Cole Hendron smiled, and yet his face was sober. “It turned out that we had a little margin. I examined the tubes yesterday, and I dare say we could use them for a trip of another five hundred miles. But at both ends of the ship our insulation is nearly gone. We could not, for example, circumnavigate this globe.”
The writer looked depressed. “I had imagined,” he said, “that we would be able to cruise at will on the surface of the planet from now on.”
Hendron turned his face toward the ship, which represented the masterpiece of his life of engineering achievements. He regarded it almost sadly. “We won’t be able to do that. In
any case we would move her over the surface of the planet only to find good farm land, because we’ve got to take her to pieces.”
“To pieces!”
Hendron assented. “We designed her for that very purpose. Those layer sections on the inside wall will be taken down, one by one, and set up again on the ground. The top section will be made into a radio station, so that we can make accurate measurements of our orbit and also study meteorological conditions. The next section below that will be a chemistry laboratory. The one below that will be a hospital, if we need it. The next three will be store-rooms, and we will turn the last section into a machine-shop. The steel on the outside hull will be our mineral source for the time being, and out of it we will make the things we need until it is exhausted.”

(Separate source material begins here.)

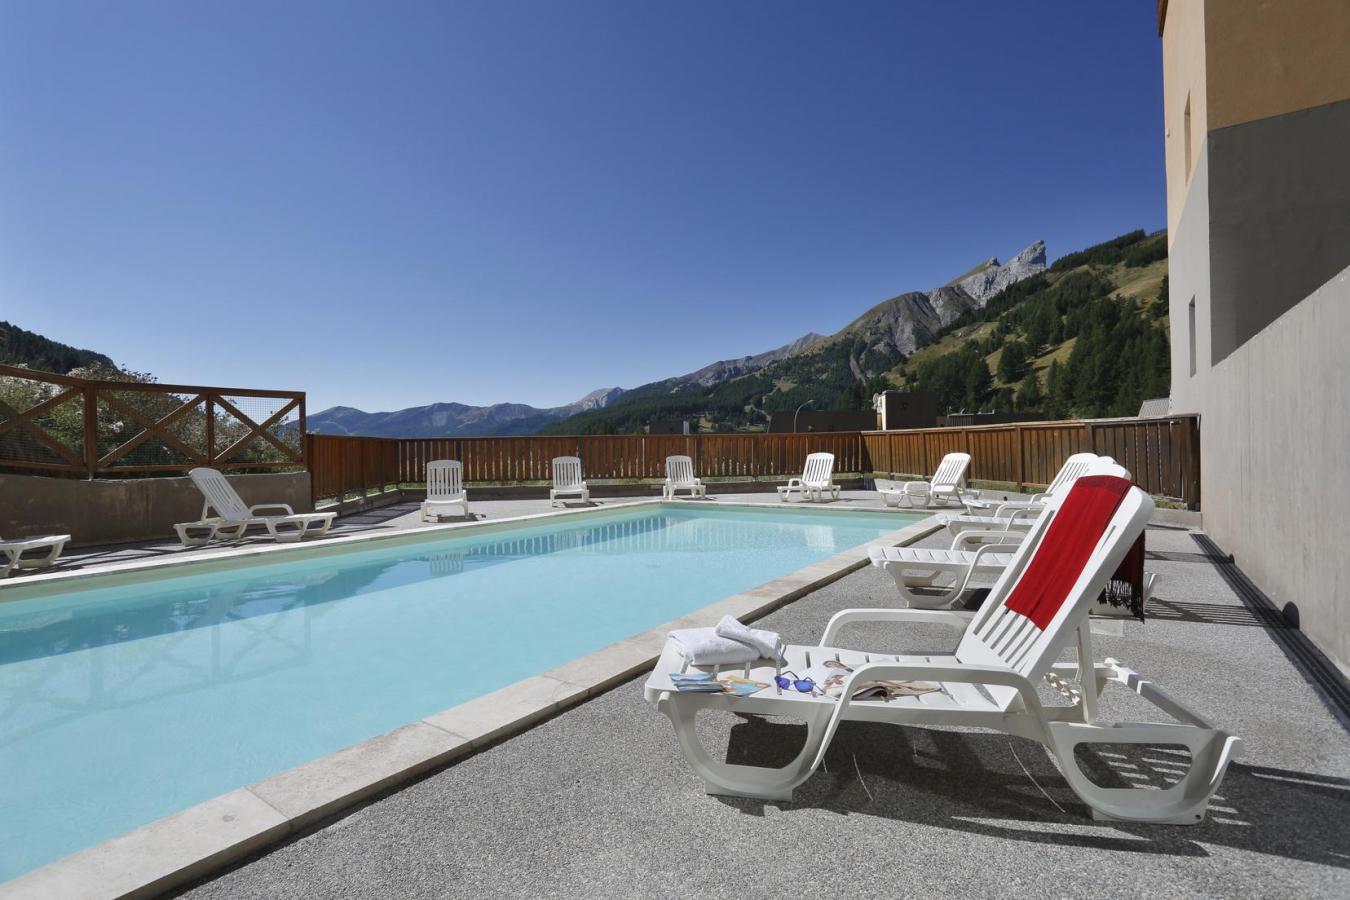 Les balcons du soleil partir de 168 location vacances for Piscine du soleil nice
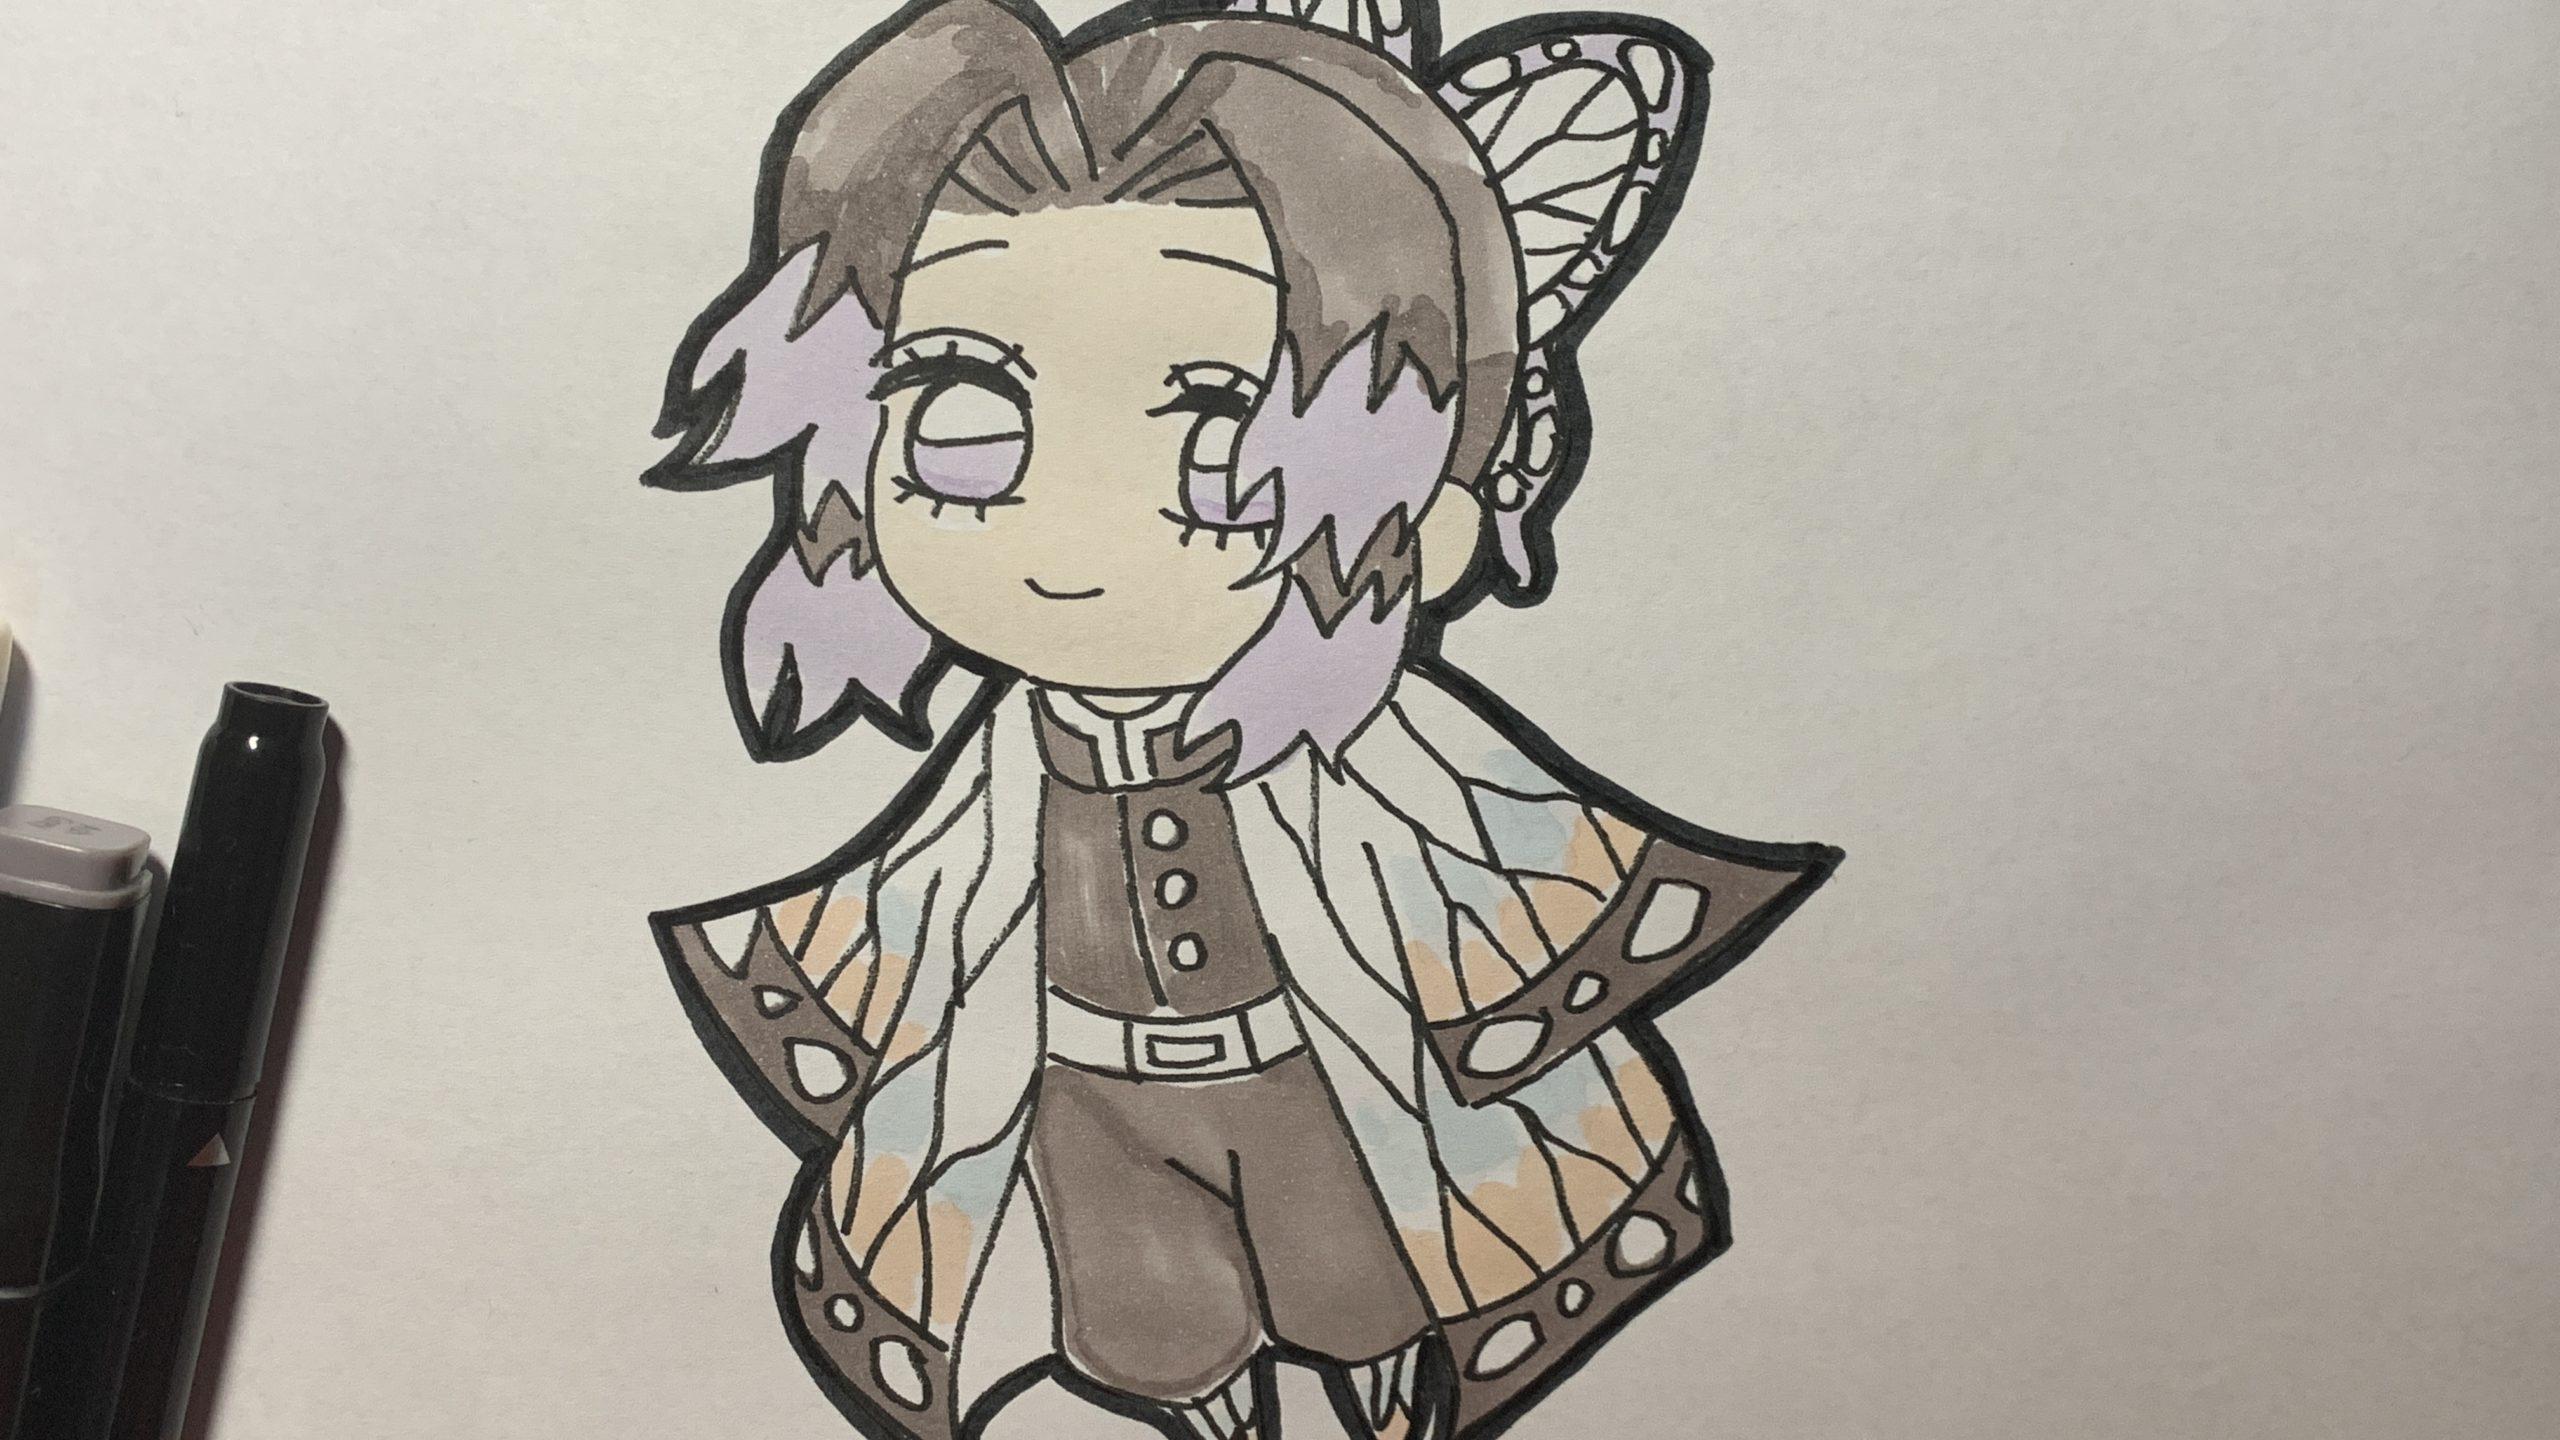 ミニキャラ 鬼滅の刃 しのぶ 【鬼滅の刃】簡単!胡蝶しのぶのミニキャラの描き方

His eyes twinkled. “I had anticipated we might have a great deal of trouble in finding a source of iron ore and in mining it, but I dare say that some of the meteorites which fell here last night will not have buried themselves very deeply, so that we may have many tons of first-rate metal at our disposal when we need it.”
“An ill wind,” Eliot James said. “Still, I hate to think of the Ark being torn down. I had imagined we would go hunting for the others in it.”
Tony spoke. “I’d been thinking about that. It seems to me that if anybody had reached here, we would have heard some kind of signal from them by now.”